An arch-enemy compels us to confront what we desire — not in another person, but for ourselves

A few years ago, I woke cotton-mouthed and clammy from a dream about a woman I used to know. I had not seen her in person since high school graduation, but once or twice a year, we met in a dream. In this one, we were back in a room with old teachers and friends, where I had to give a talk. I arrived late, half-dressed, unsure what to say. This woman, I’ll call her Alison, sat in front, smirking and perfectly made-up. The tilt of her eyes suggested I was not only dumb, but mean. How had she mastered the art of both villainy and victimhood so well? And how, in real life, did she now see me?
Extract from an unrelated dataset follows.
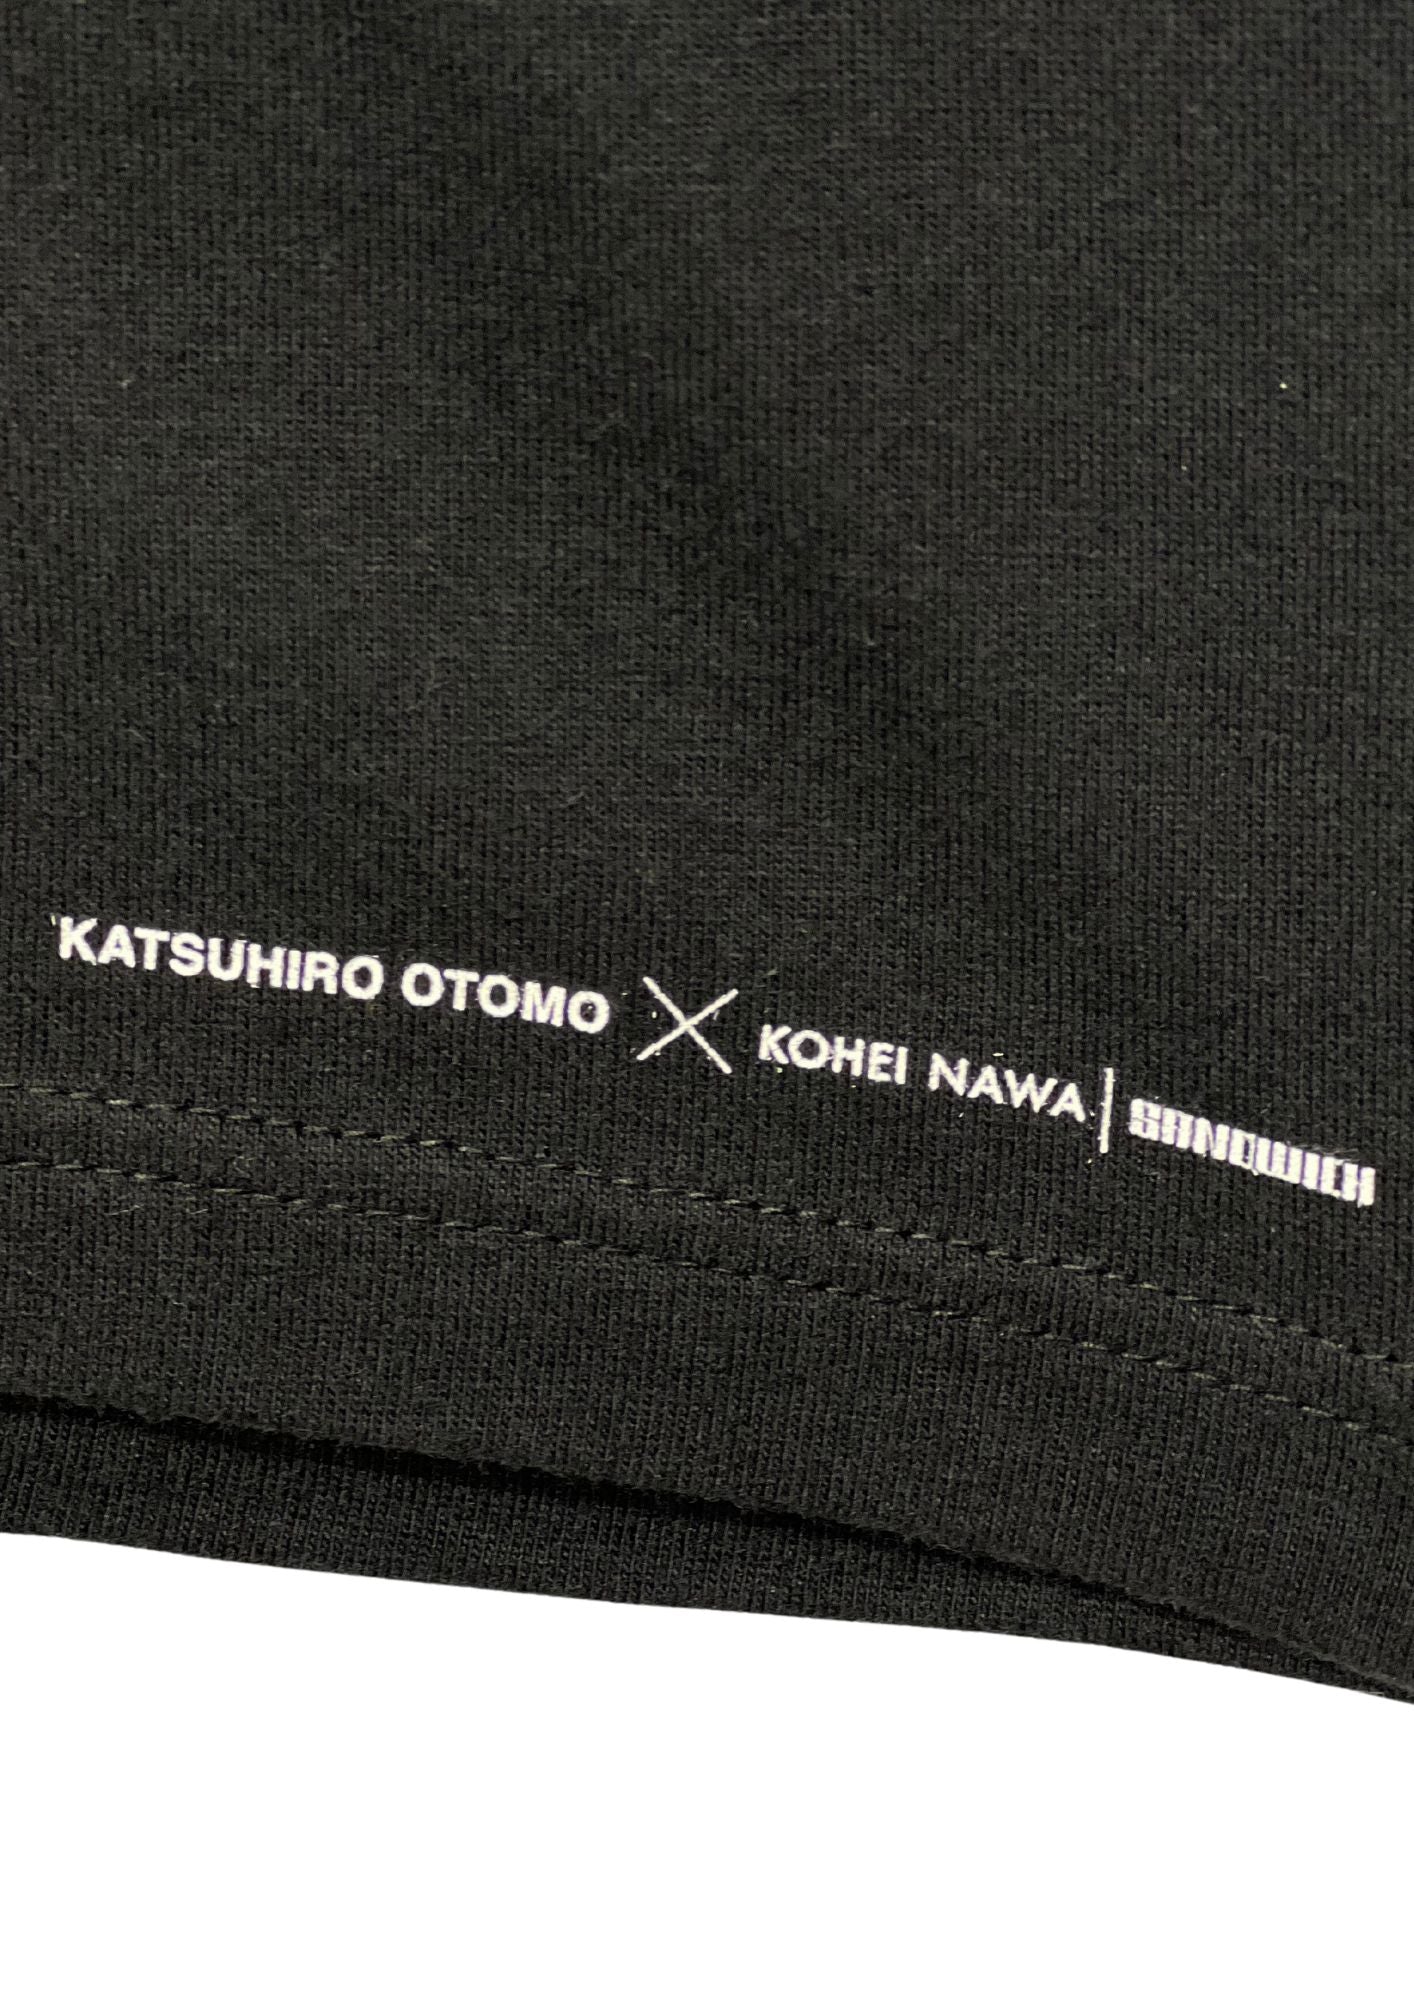 2012 AKIRA x Katsuhiro Otomo x Kohei Nawa Genga Exhibition Limited T-shirt
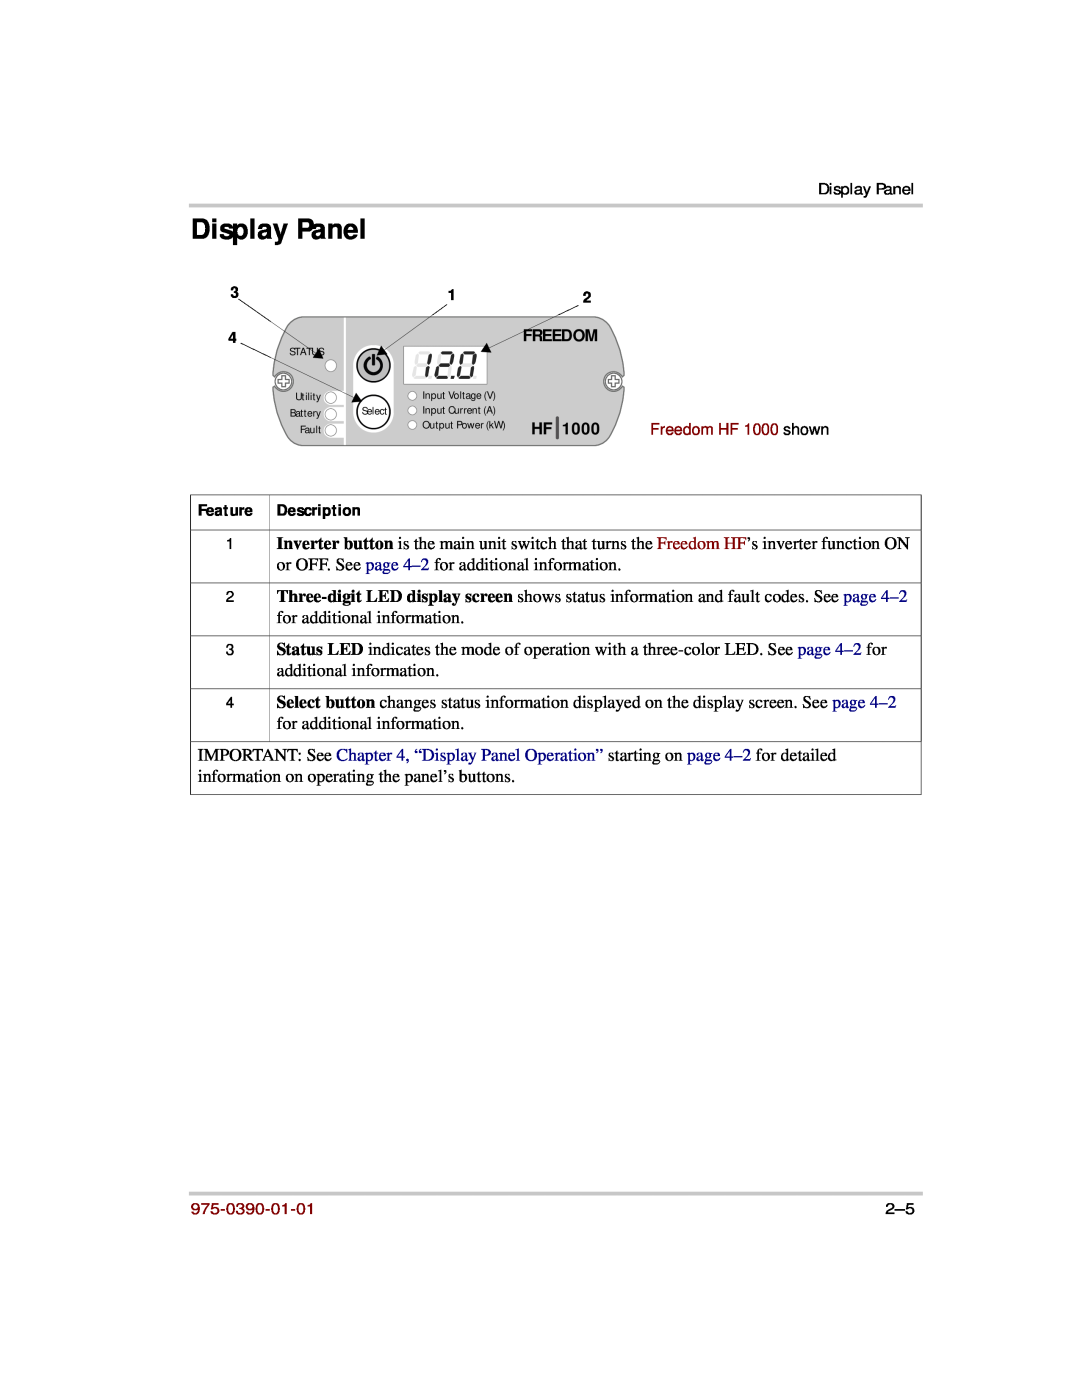 Xantrex Technology HF 1800, HF 1000 manual Display Panel, Feature Description, 975-0390-01-01

I have long been compelled by a desire for emotional reciprocity. For two people to “be on the same page”, nothing lopsided, the scales balanced. When we cultivate a crush, after all, we want to be their crush too. Suppose it is the same with an enemy? That one’s commitment to, say, having a nemesis might be matched only by one’s desire to be a nemesis in return? As much as I wanted to exorcise Alison from my dreams, the thought of untangling us entirely sent a kick to my side. A little whine of “No”. Part of me was tied to the narrative of our opposition. Like the dark moon on my thigh where I once sat on an old nail, I felt something like affection for what I had survived, for what it said about me: that I was worthy of a nemesis.

Alison and I met on the brink of middle school. The building was new to both of us, but I, who had attended classes on the same campus for years, was asked to show her around. I arrived in a necklace of bead-strung safety pins, tender because my mother had stopped me from buying the shoes I thought I wanted: the same clogs my teachers wore. I, gangly with braces, did not know how to be a teenager. Alison, petite with glossy copper hair, did. She arrived in the right flare jeans and fat plastic flip-flops, filing her nails into almonds and painting them gold so they’d cut the air like machine-smashed pennies. At 12 years old she walked like a starlet who knew her name was in the Oscar envelope.